How does this architecture help in ultra-low-power embedded applications?

It’s true that many embedded applications spend most of their time in sleep mode, where standby power dominates. But modern devices are changing—applications now rely on richer sensor data and more local processing.

Take a Wi-Fi door sensor: once, it only needed to detect if a door was open. Now, “smart” sensors identify humans, animals, or motion types—all without streaming video data over Wi-Fi. That requires efficient, on-device sensor fusion.

The Electron E1 is built for this new generation of embedded compute, delivering the performance needed for advanced workloads while maintaining years-long battery life.

Is the Fabric architecture asynchronous or based on Domino Logic?

The Fabric uses standard synchronous logic, not Domino Logic. However, operations fire as soon as their inputs are ready—allowing many to execute in parallel. This dataflow-style execution is sometimes described as “asynchronous firing,” since there’s no central program counter enforcing sequential order.

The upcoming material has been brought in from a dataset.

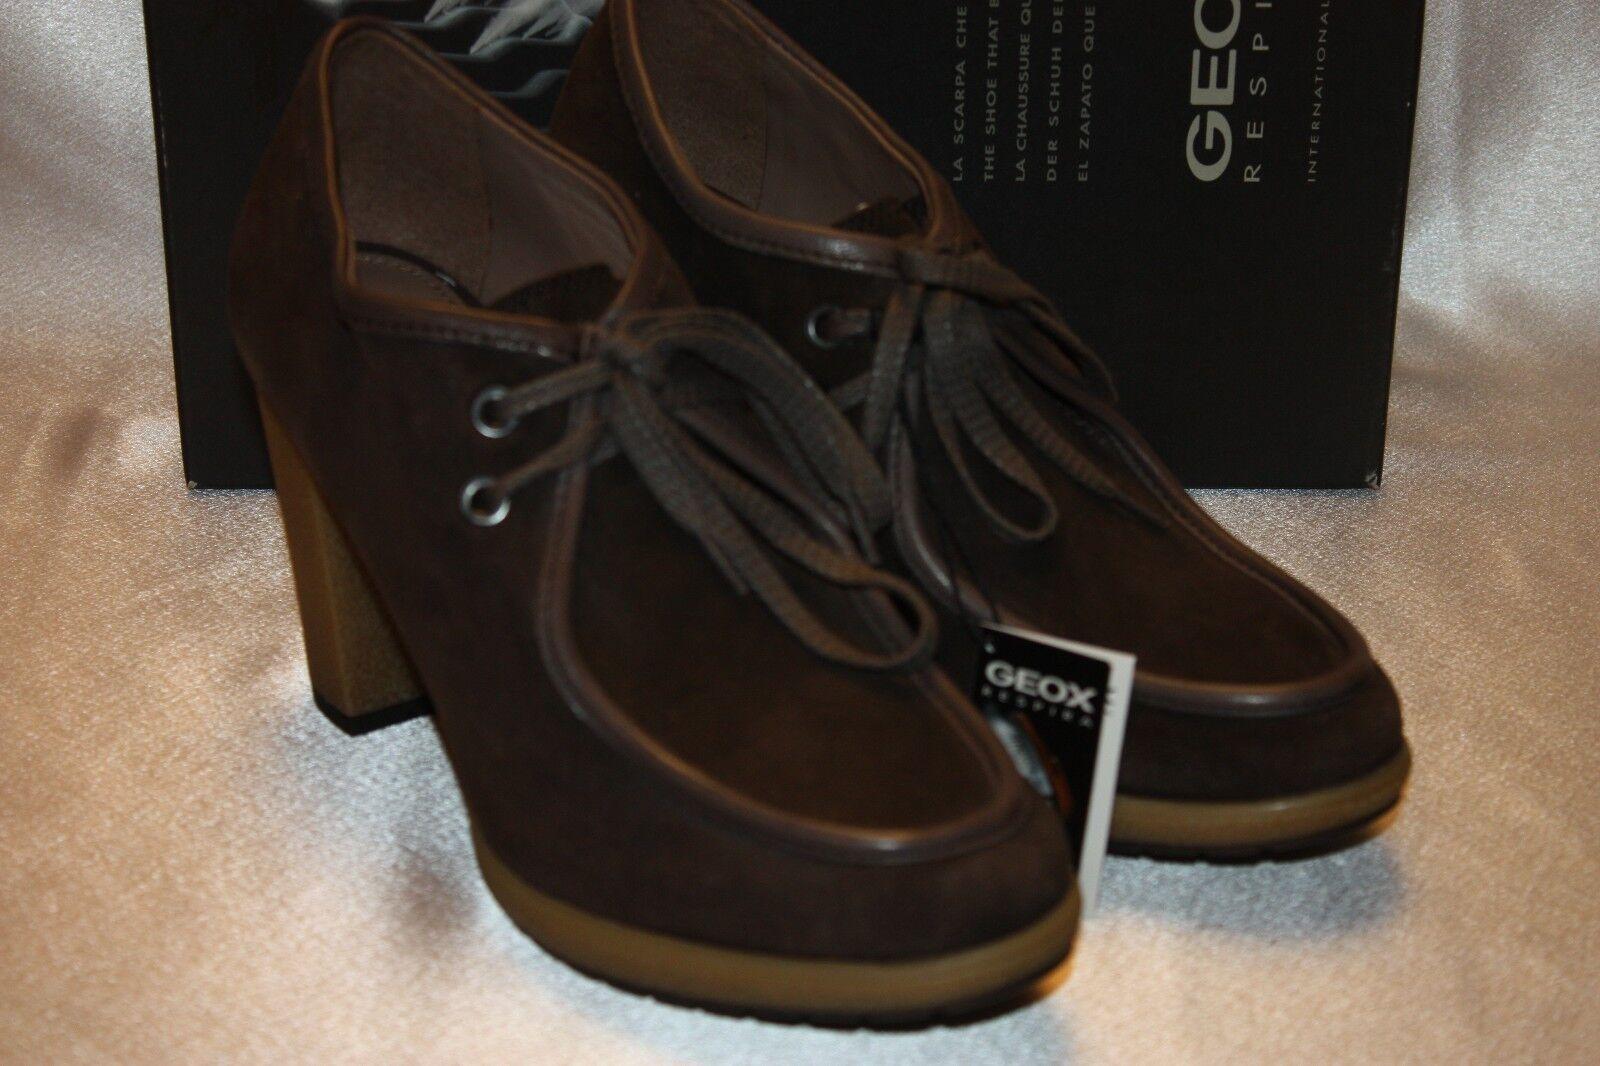 NEU NIB GEOX Coffee Braun Suede Damens KARMA Lace Up Ankle Stiefel Bootie 9.5 170

Is the Fabric architecture similar to a systolic array?

Both fall under spatial dataflow architectures, but they’re designed for different purposes.

  • Systolic arrays are specialized, using fixed schedules to achieve high performance on structured, repetitive tasks like matrix multiplies.
  • Efficient’s Fabric architecture is general-purpose, optimized for flexibility, performance, and energy efficiency—even on workloads with irregular control flow or memory access patterns.
How is Efficient’s compiler approach different from past “magic compiler” attempts like VLIW or Itanium?

We’ve learned from those histories. At Efficient, compiler and hardware co-design is fundamental to our process. We built a working compiler before first silicon—ensuring that software and hardware evolve together.

This tight integration lets us deliver real performance and energy gains while preserving the familiar programming experience developers expect.